Mom Guilt and EntrepreneurshipApr 02, 2021
The truth about Mom Guilt and Entrepreneurship
If you are a working mom and especially if you are an entrepreneur mom you are very familiar with the “mom guilt.” Navigating and balancing both roles has been a struggle for me. What I found is that it is false guilt.
Nothing in this life is meant for you to be in that role 24/7. Read that one more time…. Nothing in this life requires you to be in a role 24/7. You might think, “how is that so? Since we are mothers for life?” We have a title of mom for life, but we are not a mom role all day. Just like we aren’t in “work” mode all day or entrepreneur mode all day, we aren’t moms all day.
We feel guilty because once long ago, there were these standards that were set by, I don’t know who. These standards say that if we work or have a business, then we must immediately go home and be a mom after we are done with our day. If not, somehow, we are failing…… sound familiar? Or if you aren’t spending every living waking moment with your children somehow, that makes you a bad mom. Well, I am here to tell you that it is not the case, and you are among the many women that feel the guilt.

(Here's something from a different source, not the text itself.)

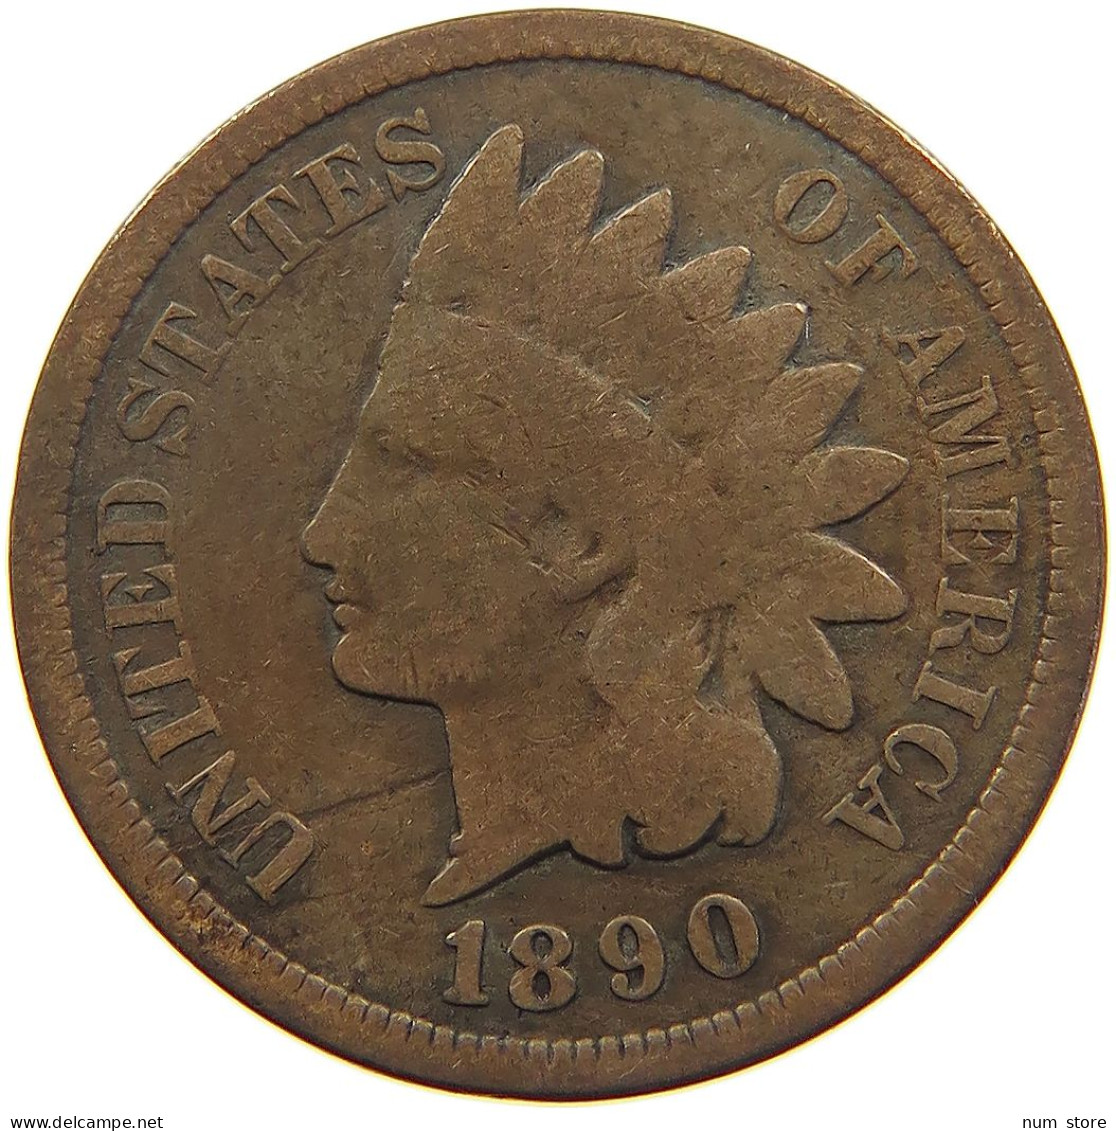 UNITED STATES OF AMERICA CENT 1890 INDIAN HEAD #a050 0487 - 1859-1909: Indian Head

This is how I categorize. In life, we play many roles. I am Damari first, then a mom, then a girlfriend, a daughter, a sister, an aunt, a friend, a business owner, a tax accountant, a mentor, a teacher, a student, etc.….. I mean, the list can go on. Here is what I realized. I can’t be all those things at once. And that is ok. There is nothing wrong with me, and there is nothing to feel guilty about. Why? Because when I play any given role, I give it my all. Some things are not as important as others. When I am called to be there for my babies and give them my undivided attention, I do so. When I need to finish work, and I have to dedicate late hours to complete something, then I do so.
All roles in this life require balance. I know that word gets tossed around a lot, so how can we apply it to our lives. First, know that your child is not going to fall apart if you aren’t there every single minute of every day. Second, putting yourself first is not selfish. Women eventually burn out, hate everyone and everything, and ultimately feel resentment towards any given role you have dedicated more time to than needed, including motherhood.
My suggestion, set boundaries for yourself and in each role. Set expectations and boundaries for those around you that “expect” for you to be in any given role. Here is an example. Most of you know that I hold a role as a Tax Accountant. This means that I am in work mode between Jan-April, biz mode for most of the day. This means my kids start feeling like they are taking the back seat. And although that is partly true, given that there isn’t an emergency or a kid’s event, then chances are I am working. Well, guess what. I have a conversation with them about this “season” that doesn’t last. We compromise. The compromise is I take them to school in the morning and that I am here to put them to bed.
For those of you who have a 9-5 and feel guilty about needing time to yourself. Let me start by telling you that if you need permission, here it is. YOU ARE ALLOWED TIME TO YOURSELF. Nothing is worse than being a raging bitch to your spouse, kids, loved ones… because you just need a break. The only person that can give that to you is you! When I need time to myself, I either schedule it or see who can help me to make it happen.
And ladies, I know that your partner, spouse or MIL, or whoever can’t clean or wash dishes or do whatever you do and do it like you. Let that shit go. Dishes can be done when they get done. What I ask that you keep in mind is that some roles are more critical than others. And the most important role you have is a relationship with yourself. Understanding that although we are badass women who can do it all, we can also take time off and rest.